With pictures excluded, copy word for word the lines in the data below from the line containing "Наемник 'ДНР' выдал" through the line containing "ピアノメインの温かな感動系BGMの再生済みの波形".

[[ PROVIDED DATA, beginning ]]

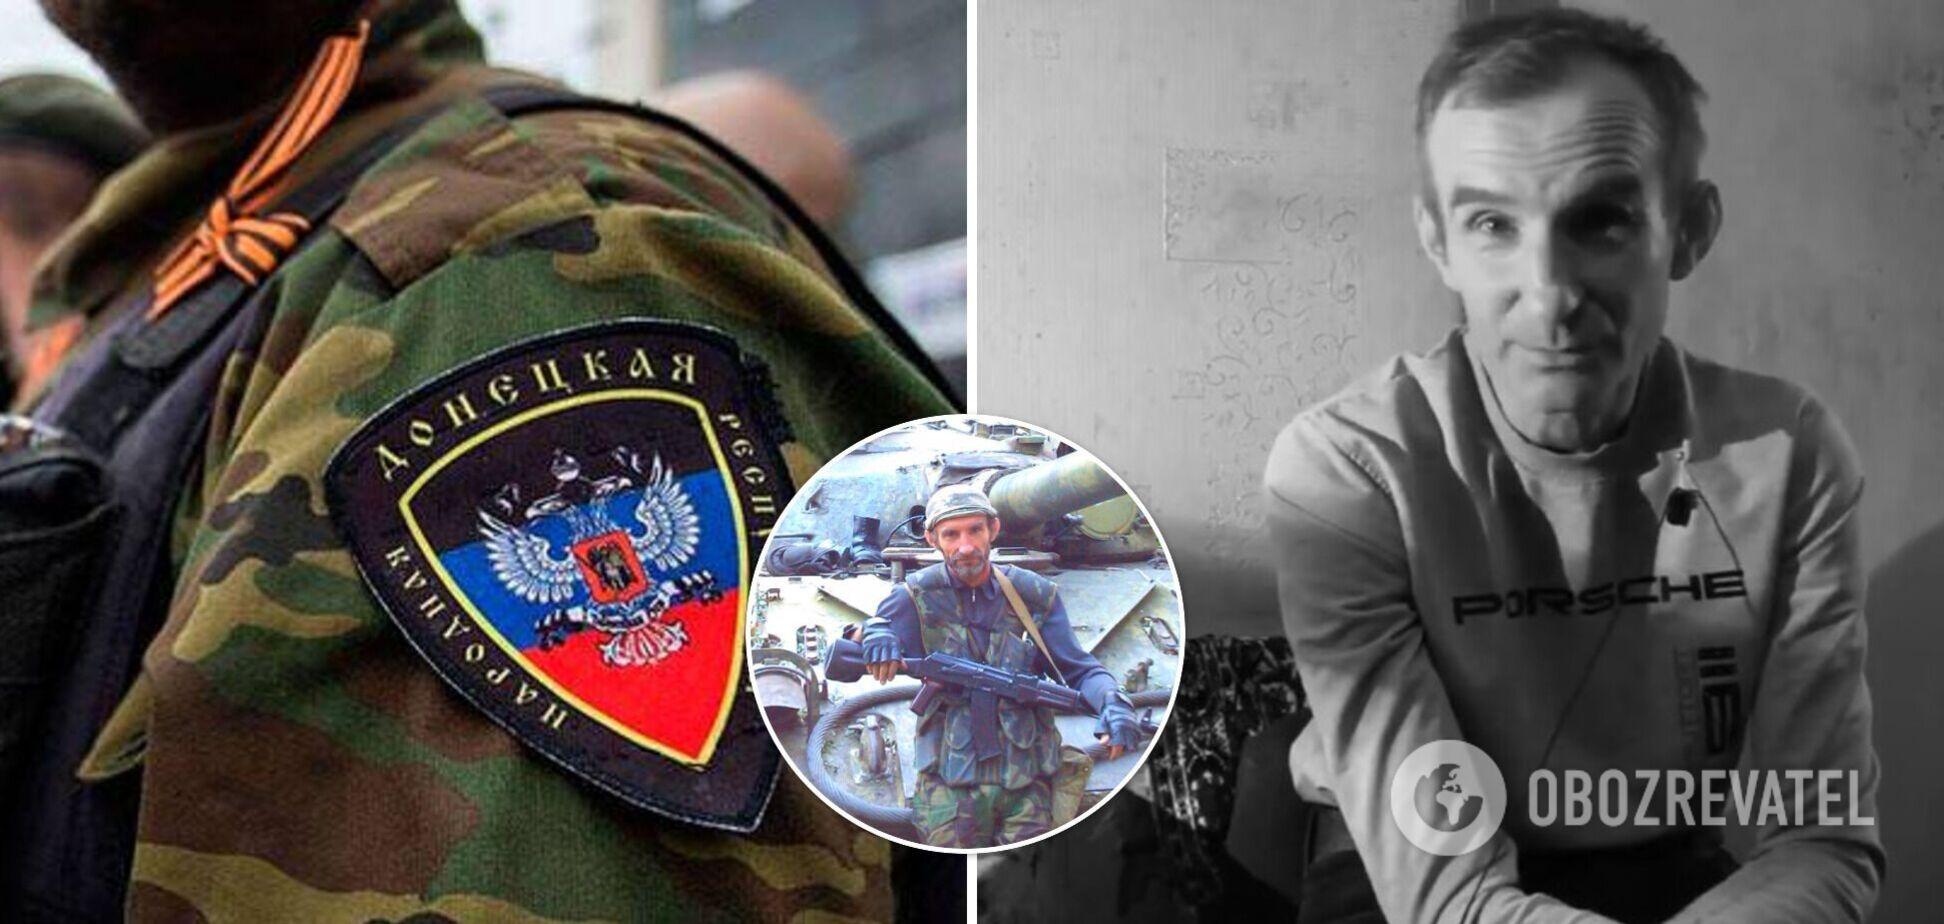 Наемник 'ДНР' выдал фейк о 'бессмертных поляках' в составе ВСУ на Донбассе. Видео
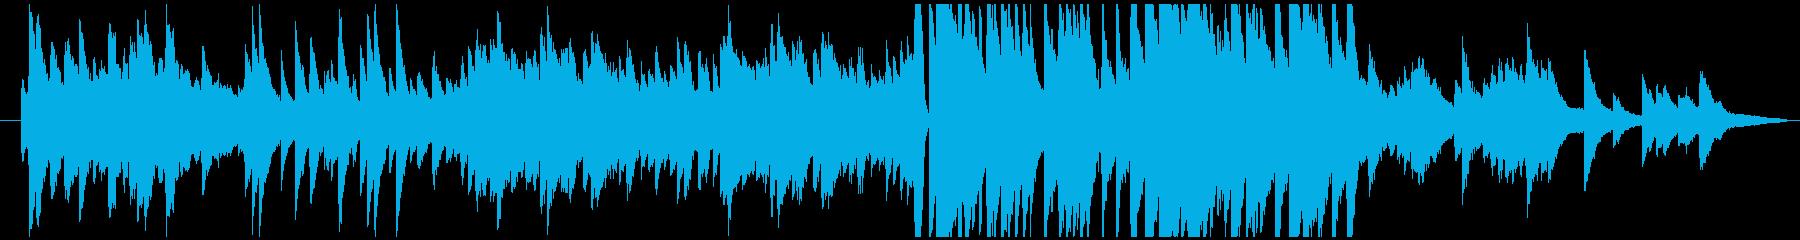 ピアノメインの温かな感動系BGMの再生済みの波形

[[ PROVIDED DATA, end ]]
[[ PROVIDED DATA, beginning ]]

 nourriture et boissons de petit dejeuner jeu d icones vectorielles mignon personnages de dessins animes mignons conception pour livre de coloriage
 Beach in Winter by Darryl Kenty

[[ PROVIDED DATA, end ]]

> RESULT
 Наемник 'ДНР' выдал фейк о 'бессмертных поляках' в составе ВСУ на Донбассе. Видео
 ピアノメインの温かな感動系BGMの再生済みの波形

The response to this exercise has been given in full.